(Beginning of SOURCE DATA)

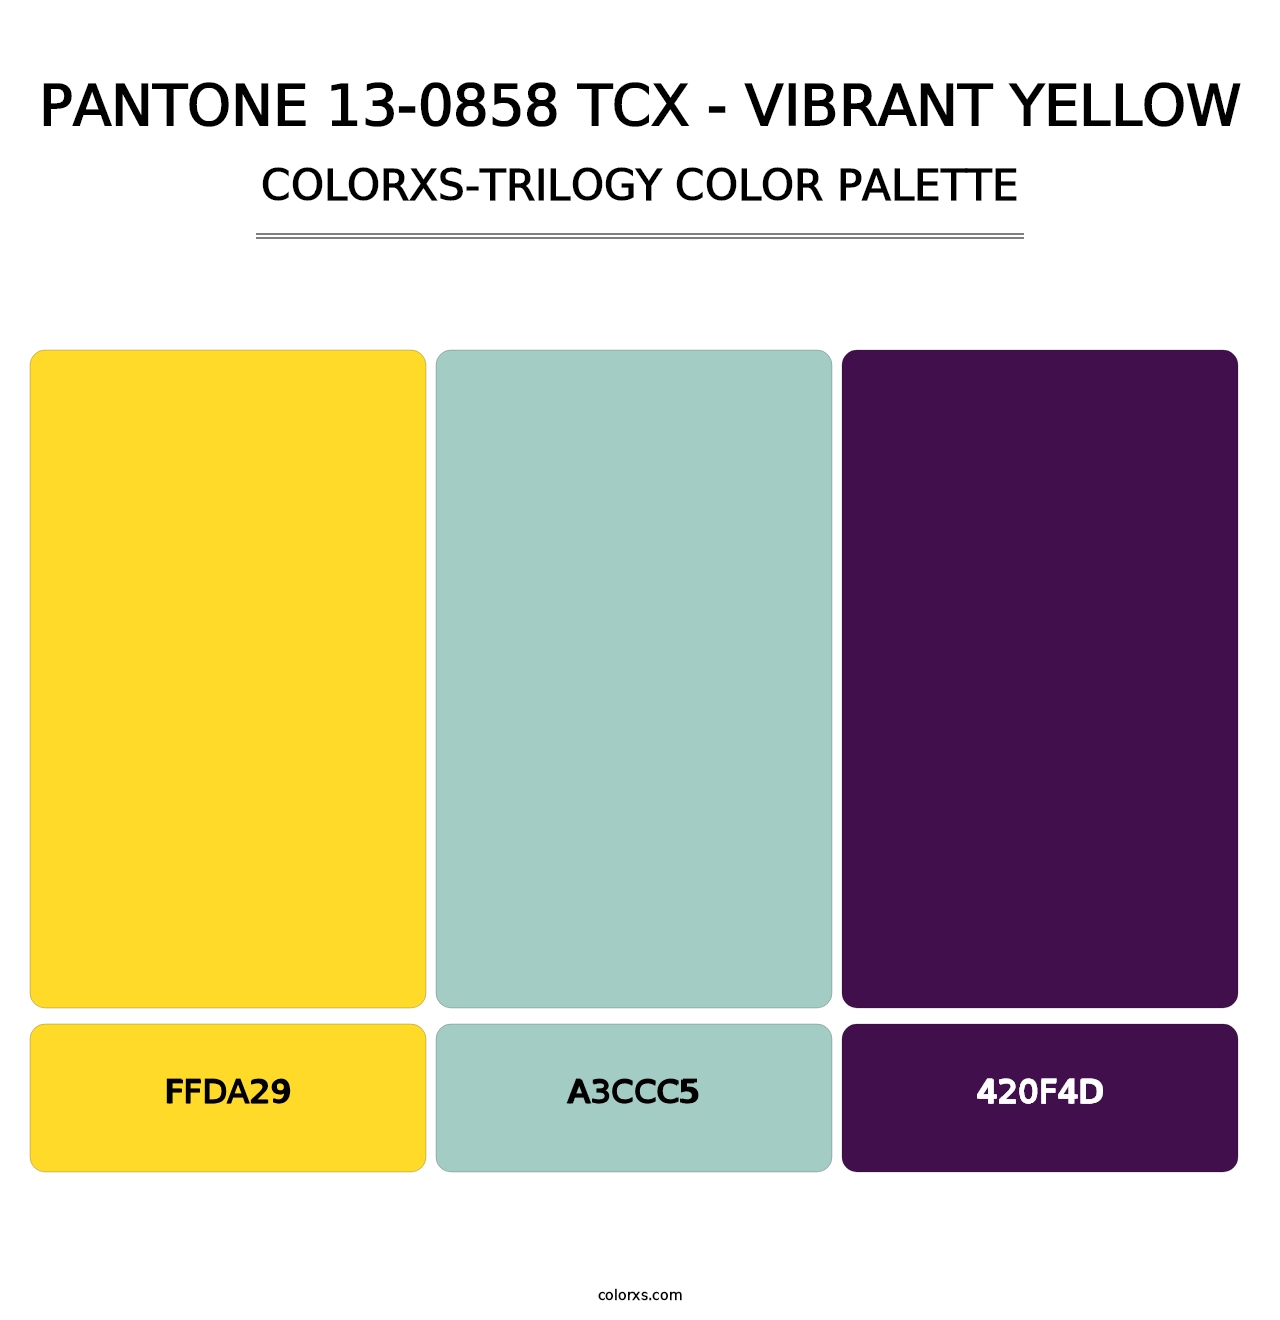 PANTONE 13-0858 TCX - Vibrant Yellow - Colorxs Trilogy Palette
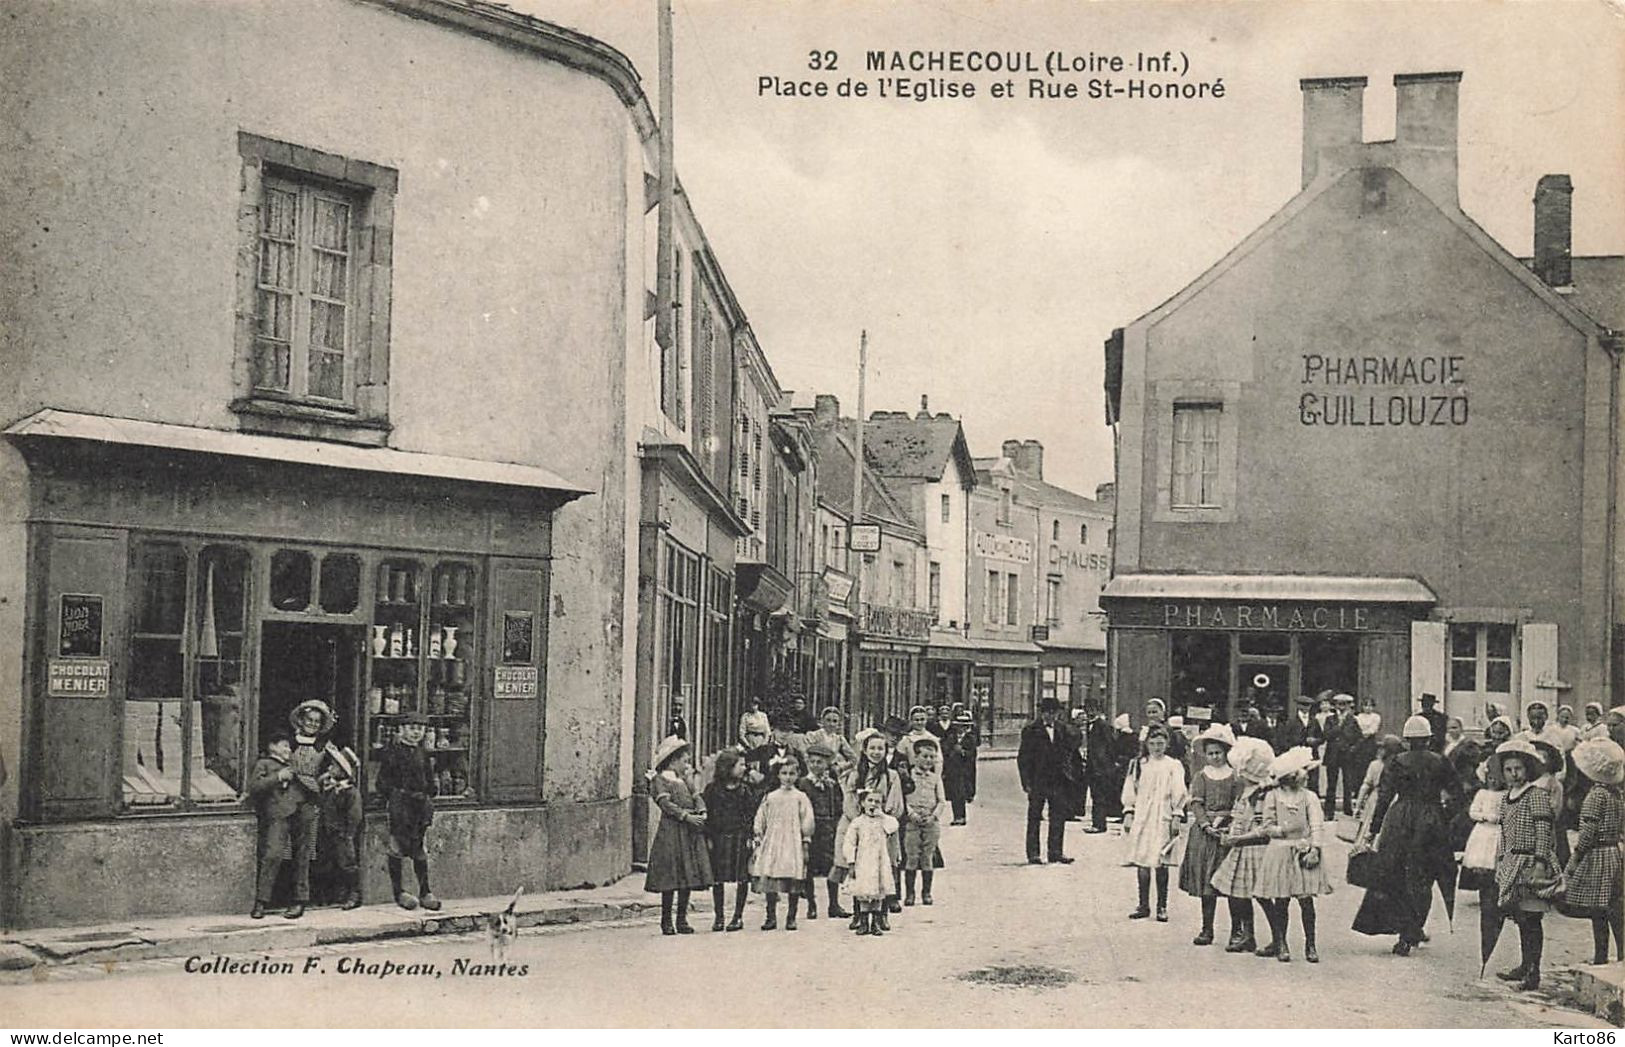 Machecoul * La Place De L'église Et Rue St Honoré * Pharmacie GUILLOUZO * épicerie * Villageois - Machecoul
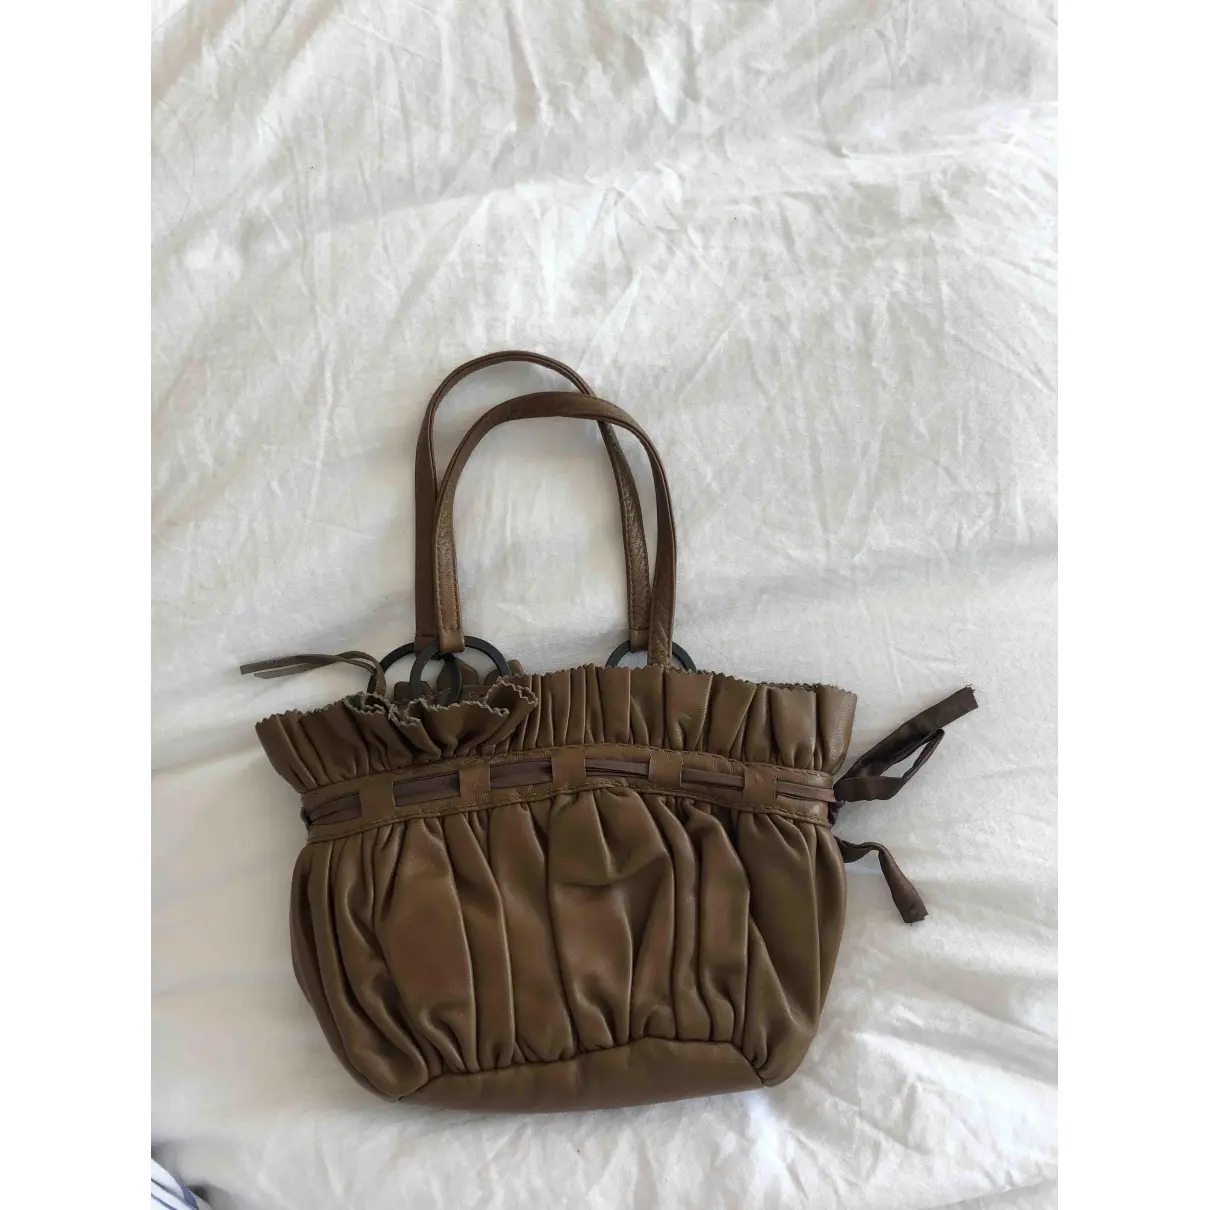 Buy Jamin Puech Leather handbag online
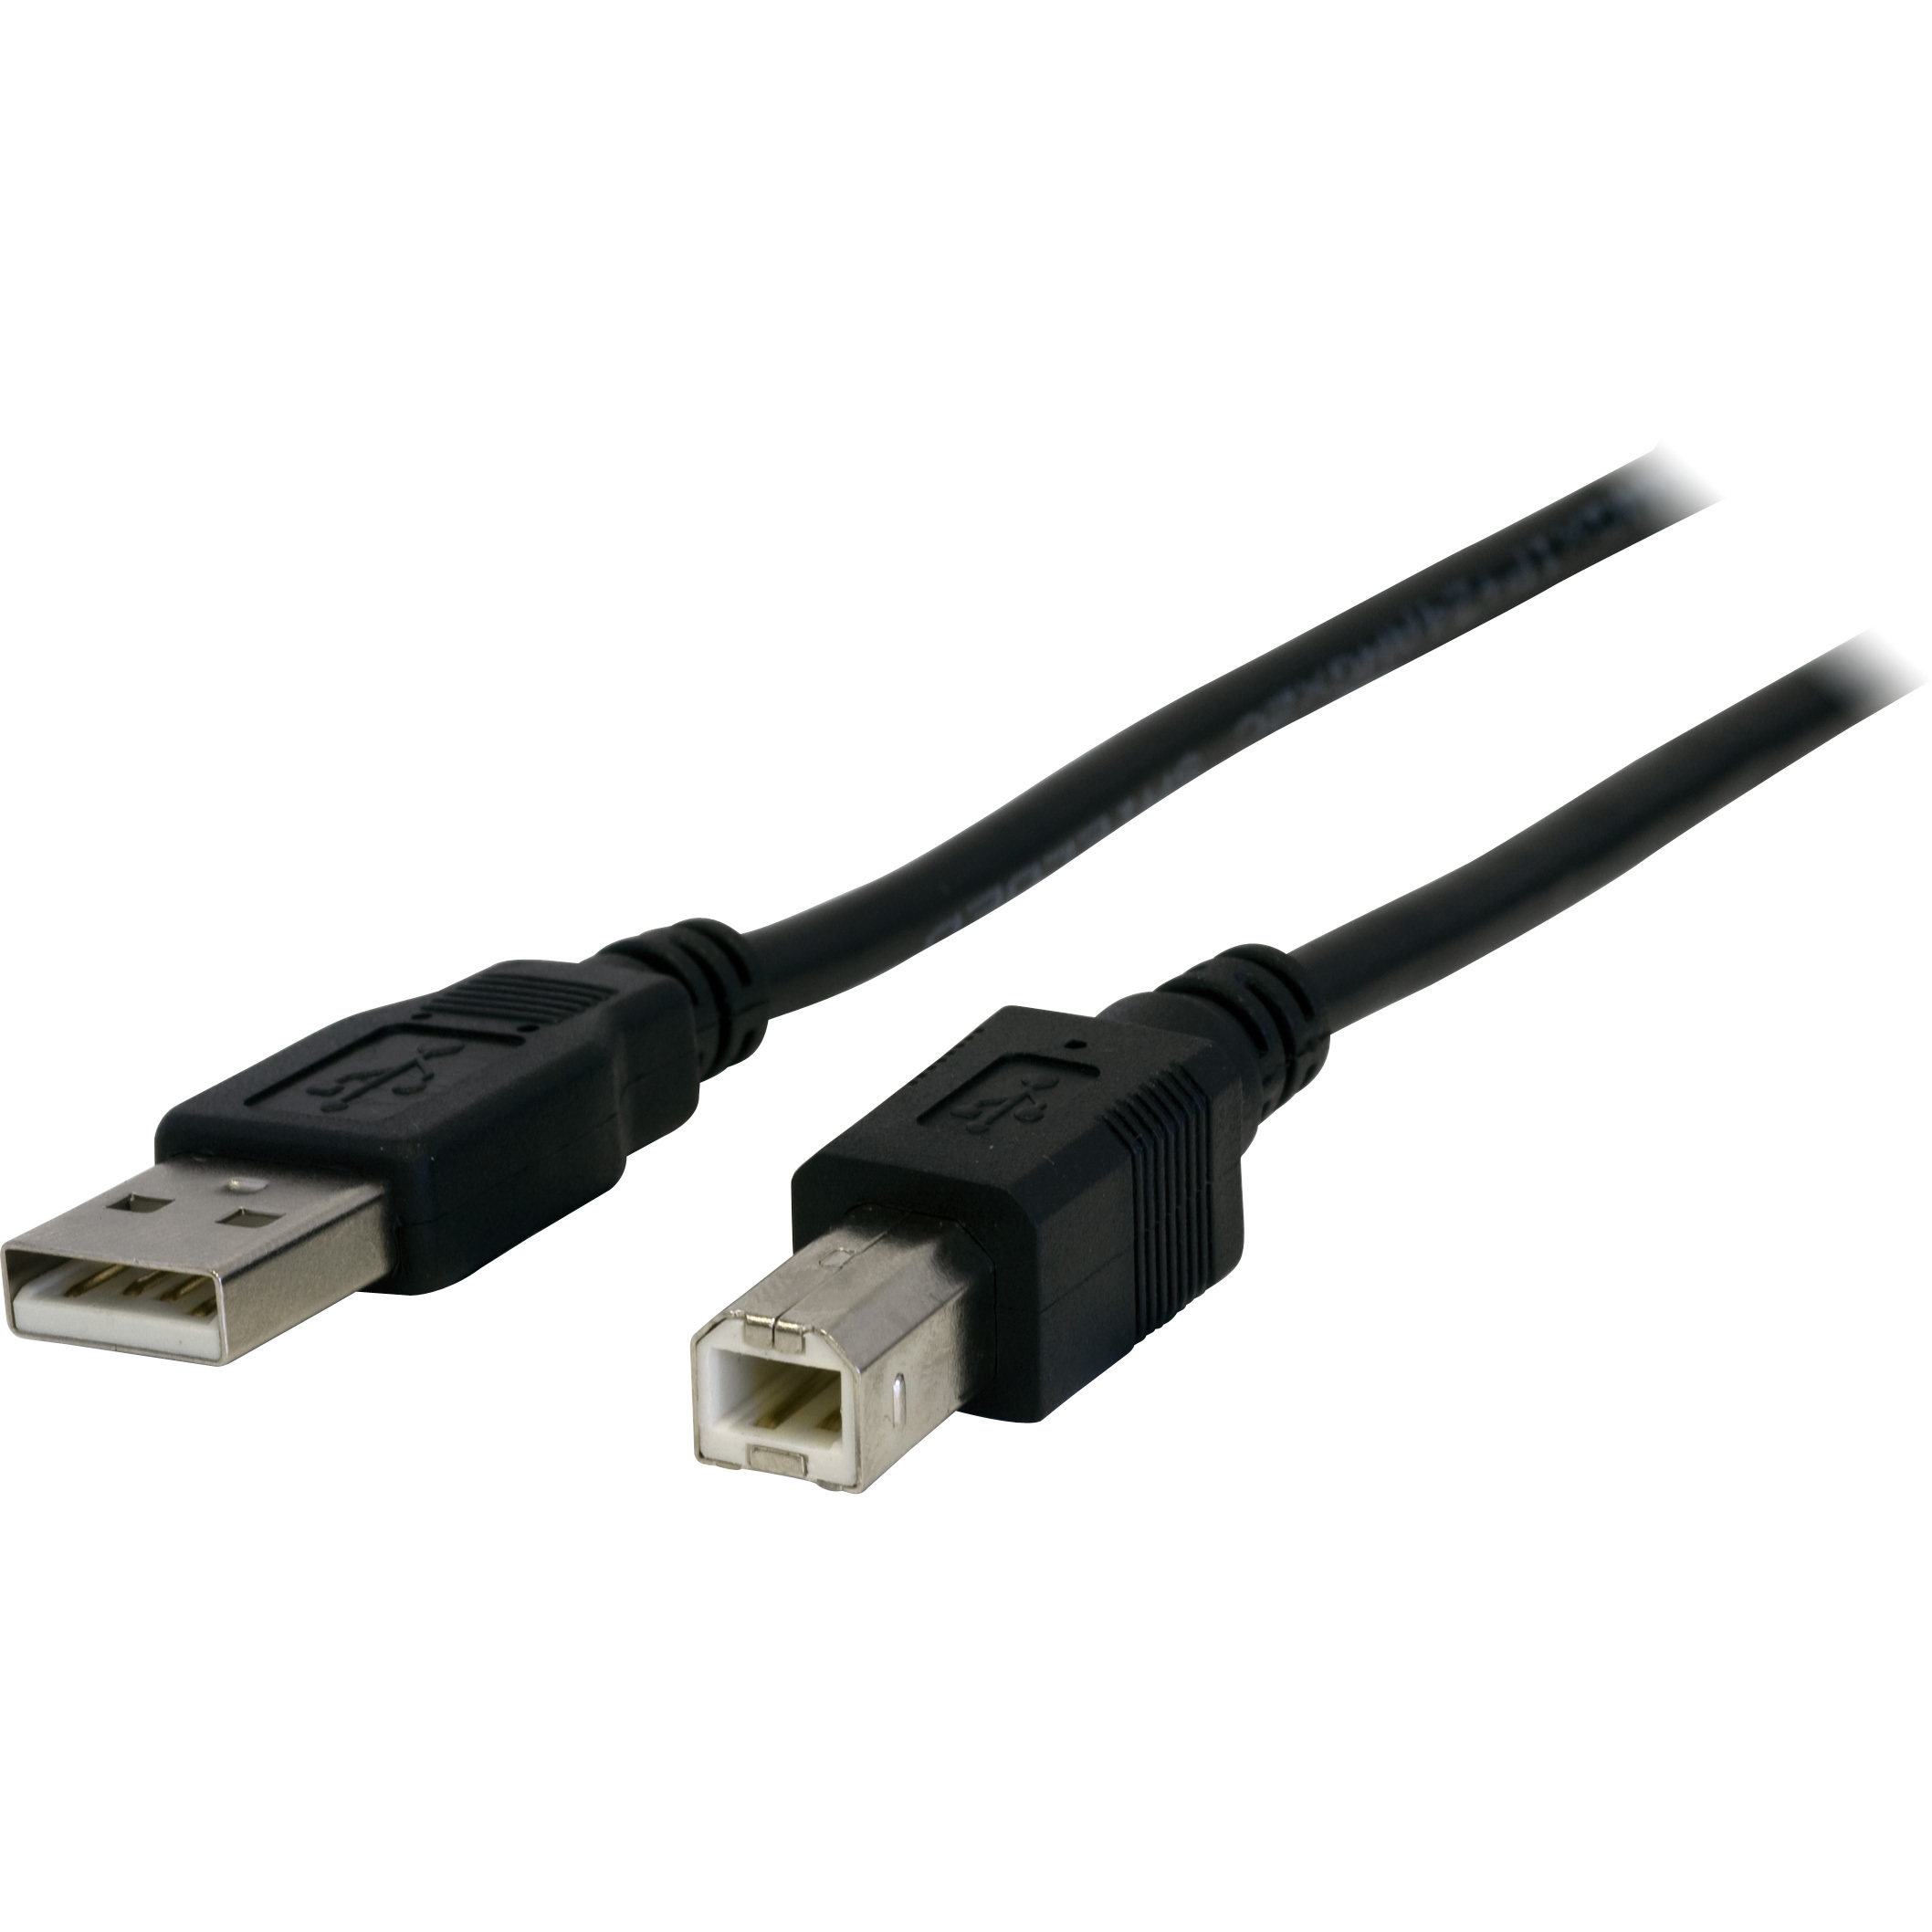 LC7203 – 5METRES – USB-A PLUG TO USB-B PLUG

(End of SOURCE DATA)

** WHAT YOU HAVE TO DO **
Output everything in the material exactly. Pictures stay out of it.

** TASK RESULT **
 PANTONE 13-0858 TCX - Vibrant Yellow - Colorxs Trilogy Palette
 Machecoul * La Place De L'église Et Rue St Honoré * Pharmacie GUILLOUZO * épicerie * Villageois - Machecoul
 Buy Jamin Puech Leather handbag online
 LC7203 – 5METRES – USB-A PLUG TO USB-B PLUG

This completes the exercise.